With respect to a county housing authority, the board of supervisors appoints five commissioners, and in certain circumstances also appoints tenants of the authority, all of whom serve for fixed terms. (§§34271-34272.)2 Housing commissioners may be removed by the board of supervisors for "inefficiency, neglect of duty, or misconduct in office." (§ 34282.) Here, we deal with a county housing authority commission consisting of five commissioners and two tenant commissioners appointed by the board of supervisors. The question presented for resolution is whether the commission may employ a county supervisor as its secretary and executive director. We conclude that it may.
A county housing authority commission has responsibility for hiring officers and employees "as it requires." "An authority . . . may employ a secretary, who shall be executive director, technical experts, and such other officers, agents, and employees as it requires, and shall determine their qualifications, duties, terms of employment and compensation." (§ 34278, subd. (a).) The commission's personnel rules and regulations shall contain "procedures affecting conflicts of interest. . . ." (Ibid.; see Figueroa v. Housing Authority (1982)131 Cal.App.3d 528, 532.)
1. Rule Against Incompatible Public Offices
The first issue to be considered is whether a county supervisor would be precluded from serving as a county housing authority's secretary and executive director due to the common law doctrine of incompatible public offices. Under this doctrine, acceptance of the second office constitutes an automatic resignation from the first office. Offices are incompatible if there is any significant clash of duties or loyalties between the offices, or if one office has supervisory, auditory, or removal power over the other. The doctrine, however, applies only if both positions are offices. If one of the positions is that of an "employee," the doctrine is inapplicable. (See 80 Ops.Cal.Atty.Gen. 74, 75 (1997); 78 Ops.Cal.Atty.Gen. 362, 363 (1995); 73 Ops.Cal.Atty.Gen. 268, 269-270 (1990).)

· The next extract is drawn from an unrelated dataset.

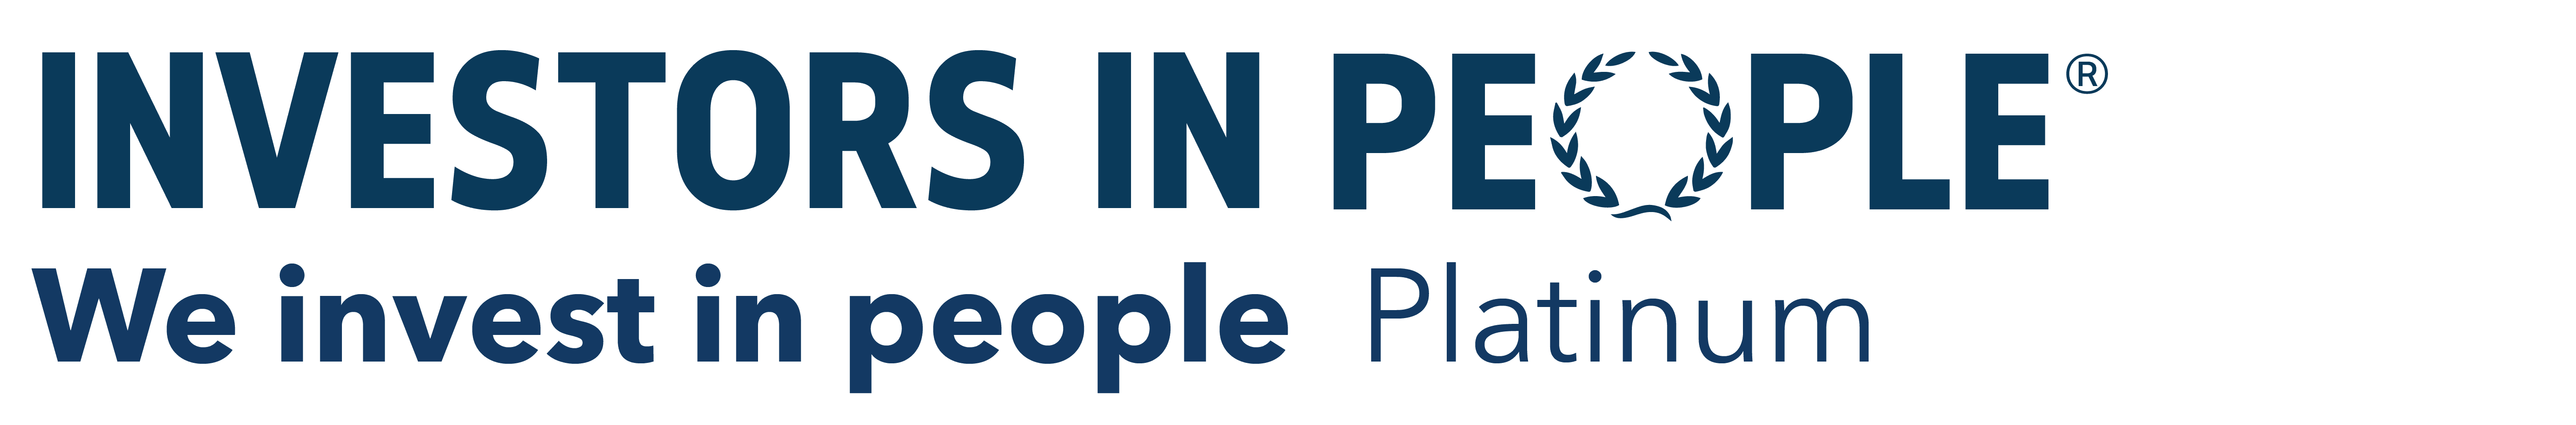 Investors In People logo.

Undoubtedly a member of a county board of supervisors holds a public office for purposes of the incompatible offices doctrine. (67 Ops.Cal.Atty.Gen. 409, 410 (1984).) However, is a secretary and executive director of a housing authority an officer or employee for purposes of the common law prohibition? This question was addressed in a 1978 letter opinion (Cal.Atty.Gen., Indexed Letter, No. IL 78-102 (July 18, 1978)) in which we concluded that the executive secretary of a county housing authority does not hold an "office" for purposes of the common law rule. We stated:
"While Health and Safety Code section 34278(a) authorizes the employment of an executive secretary, the position, if created at all, is a creature of a contract entered into by the authority, which sets the terms of employment. A public officer is not the offspring of a contract. (Pacific Finance Corp. v. City of Lynwood (1931) 114 Cal.App. 509, 514.) No statutory duties are set forth for the executive secretary; rather, the commissioners determine the duties and functions performed. The commissioners, not the executive secretary, exercise the sovereignty of the state. The position of executive secretary is transitory, subject to being abolished if the commissioners so choose. If the position is filled, the contract of employment, rather than statute, dictates the terms of employment. (Cf., Holtzendorff v. Housing Authority (1967) 250 Cal.App.2d 596.)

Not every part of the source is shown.